Data extract:
☆ ☆ ☆ ☆

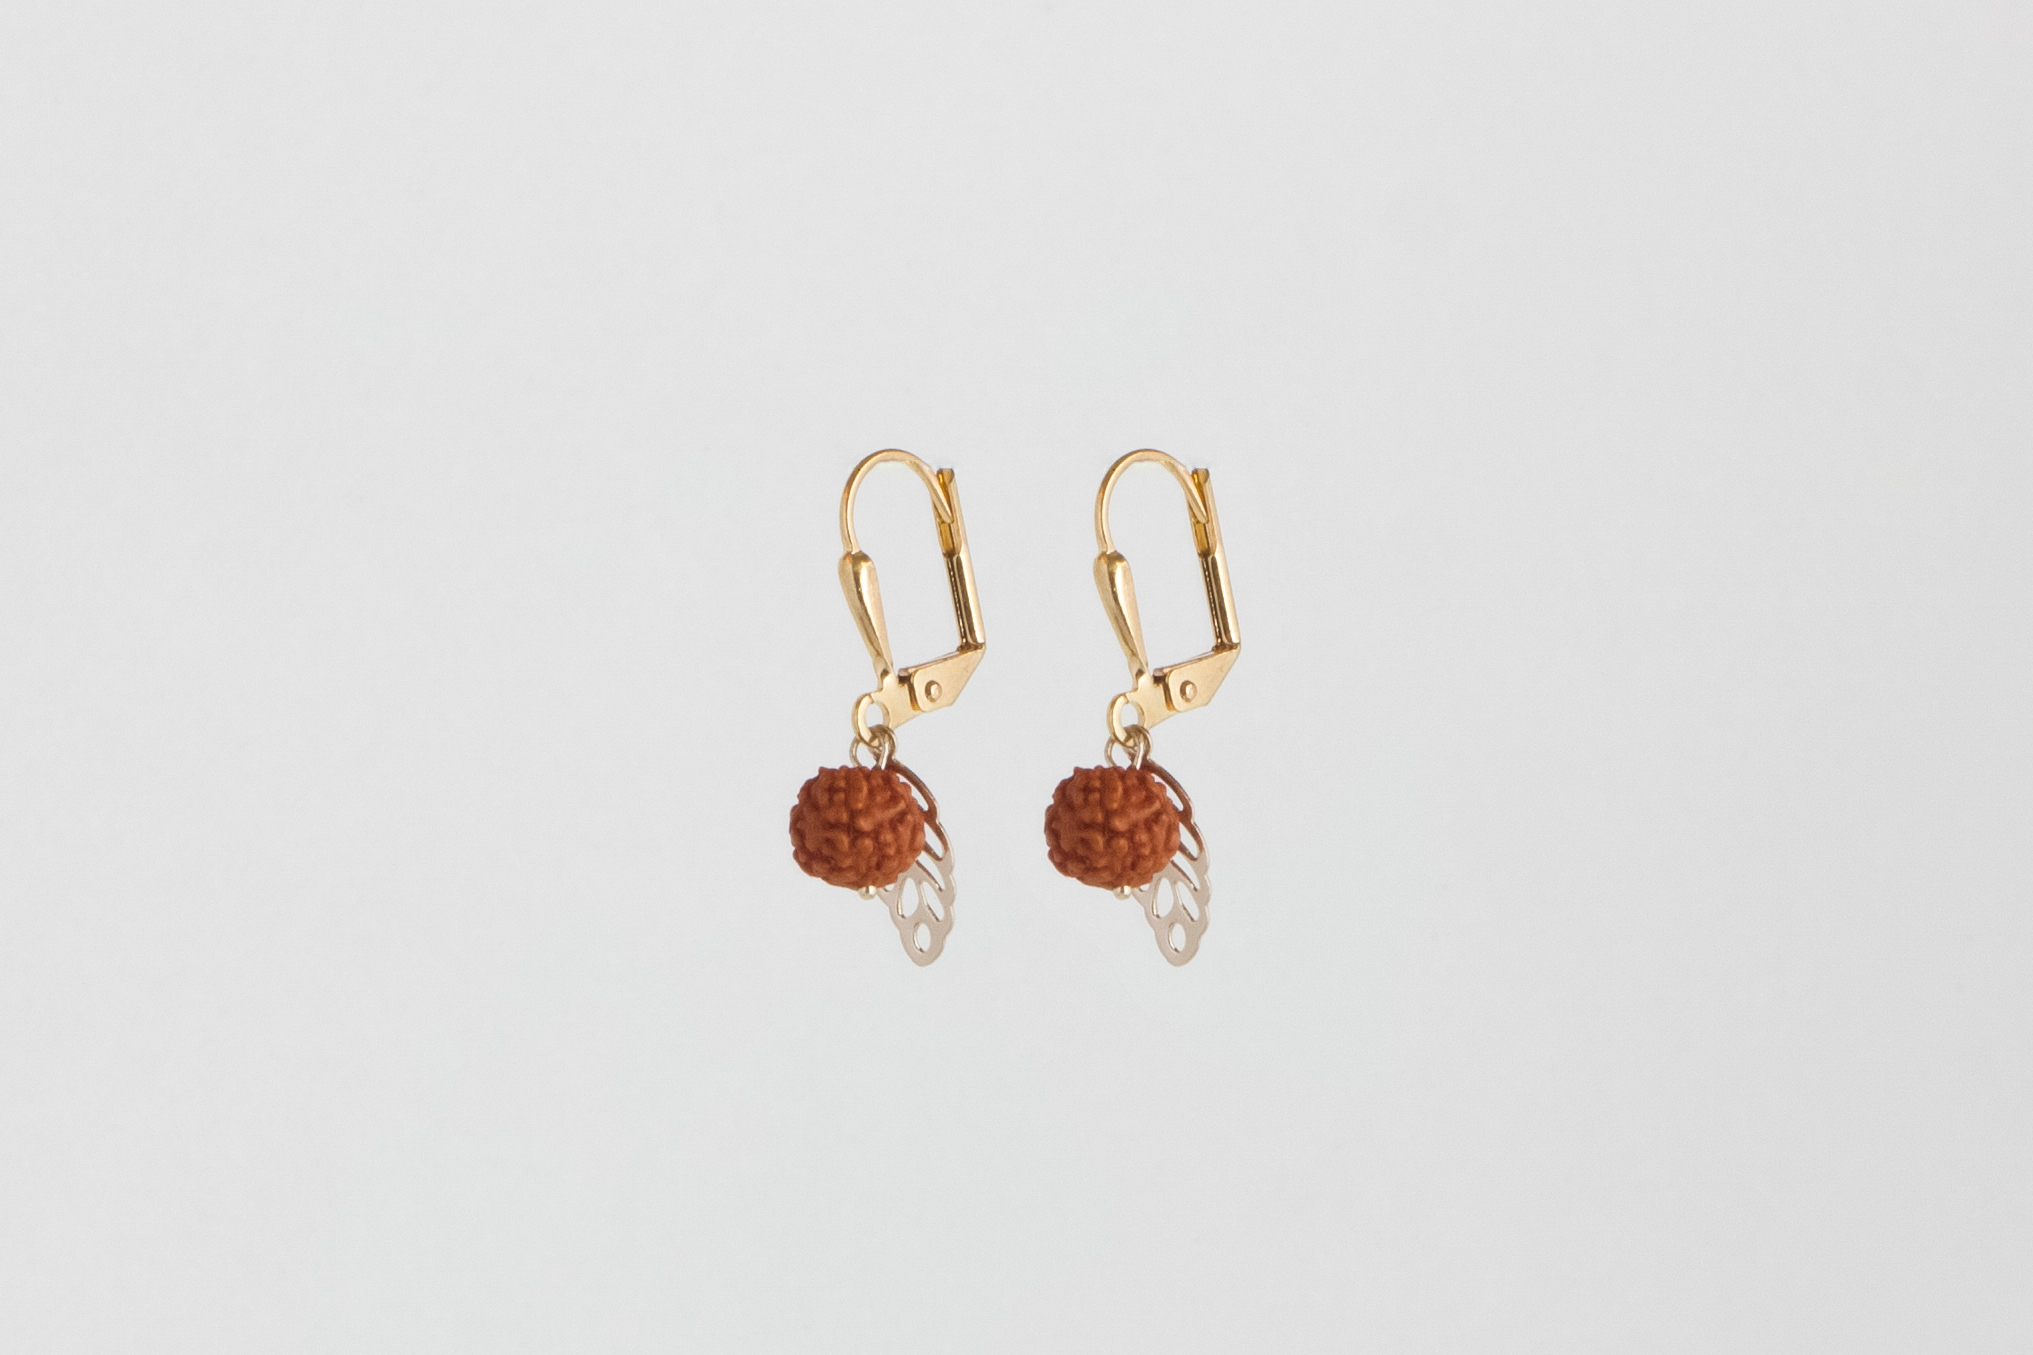 Julia Otilia-Rudraksha seed earrings, Gold plated,19.95 Euro
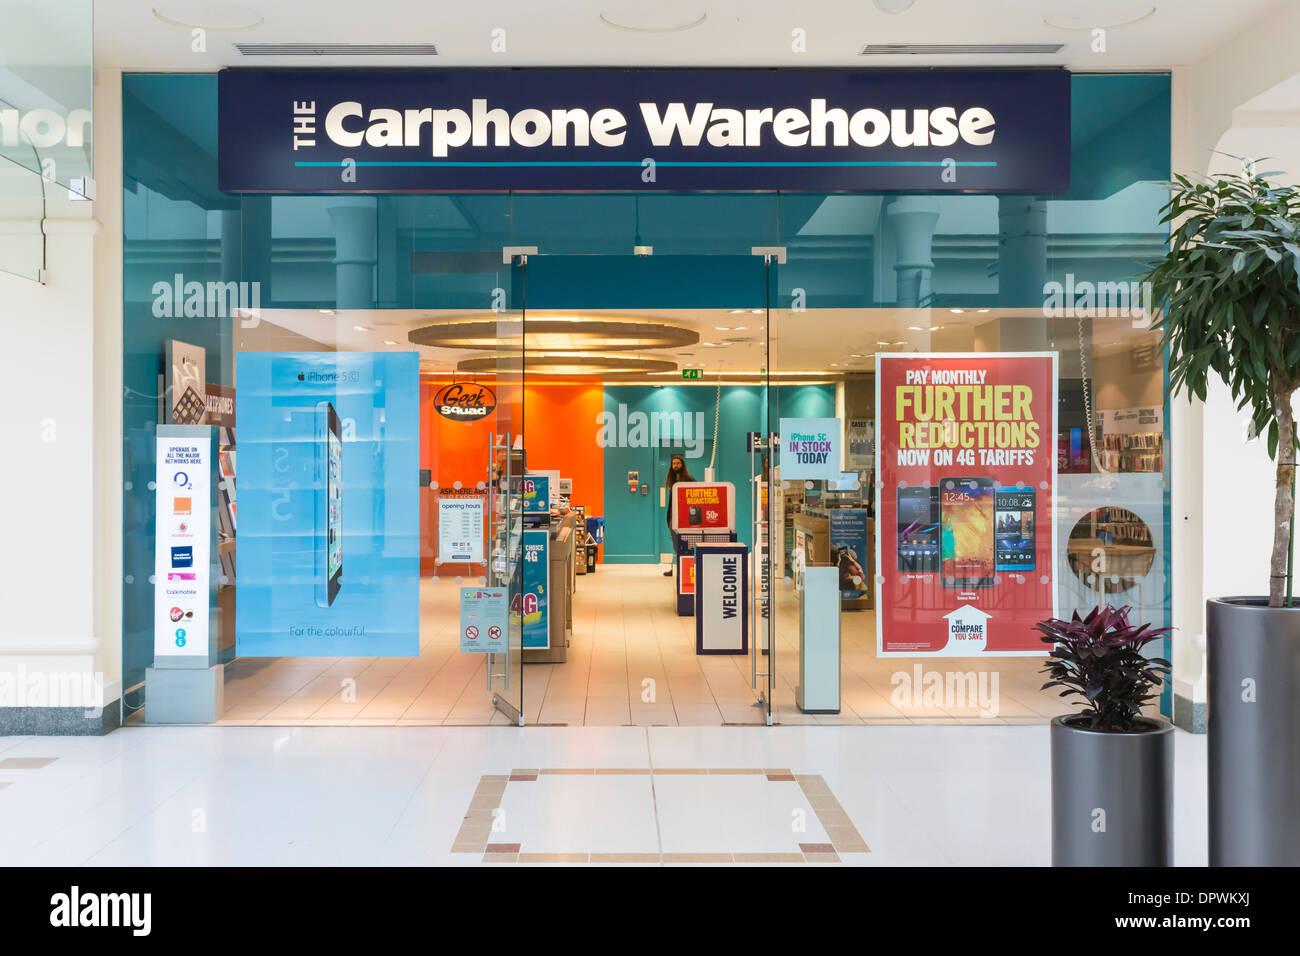 Carphone Warehouse Shop Front Retail - Stock Image
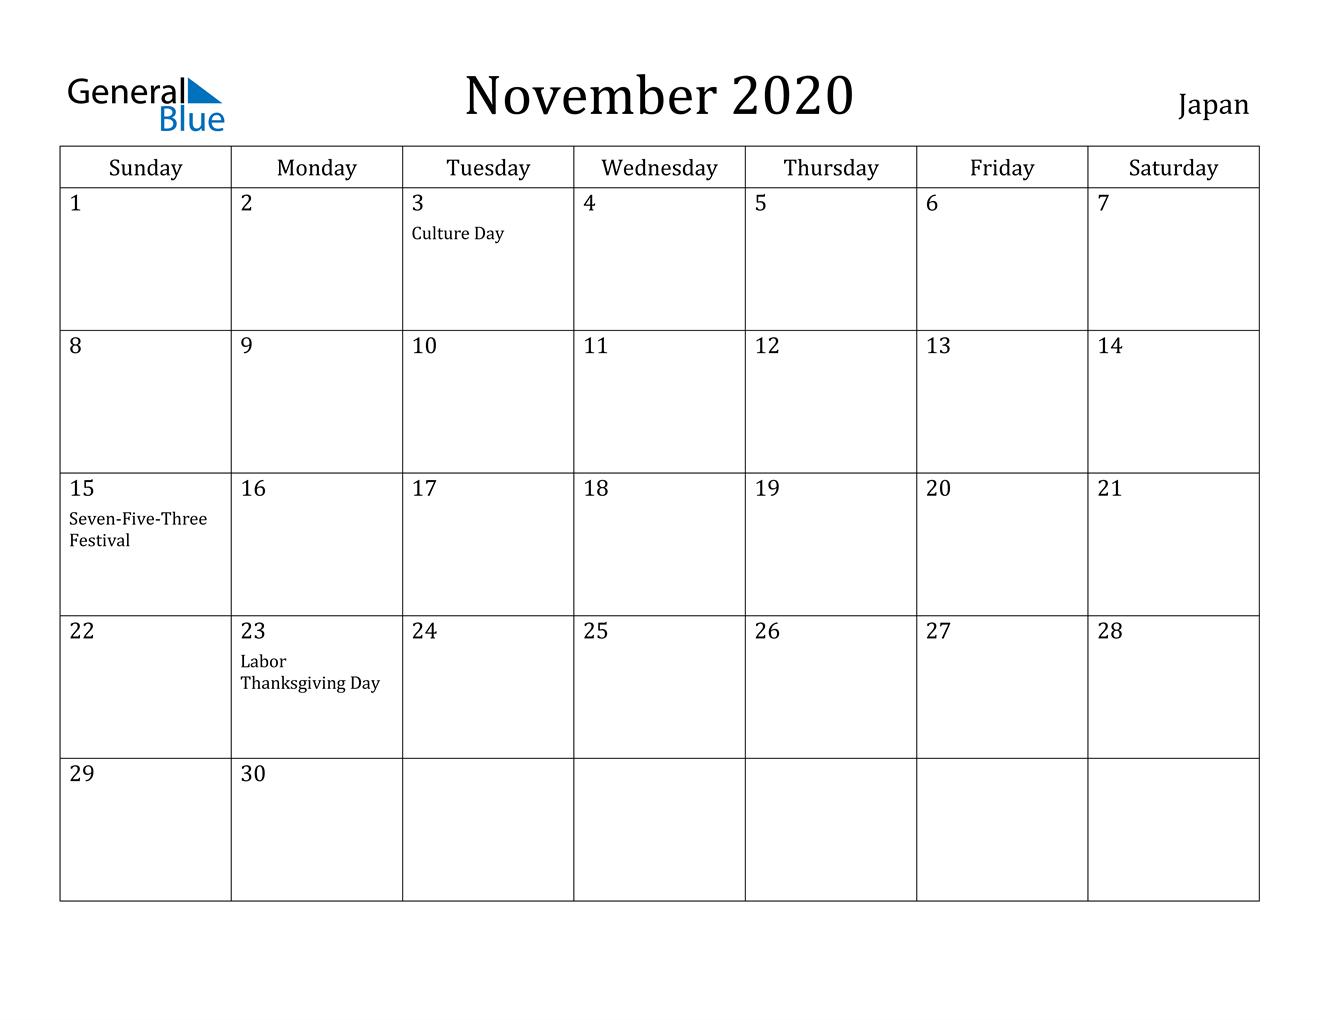 November 2020 Calendar - Japan

☆ ☆ ☆ ☆

Aim of the task: Pictures stay out. Write out everything else in the material exactly.

Finished exercise:
 Julia Otilia-Rudraksha seed earrings, Gold plated,19.95 Euro
 Carphone Warehouse Shop Front Retail - Stock Image
 November 2020 Calendar - Japan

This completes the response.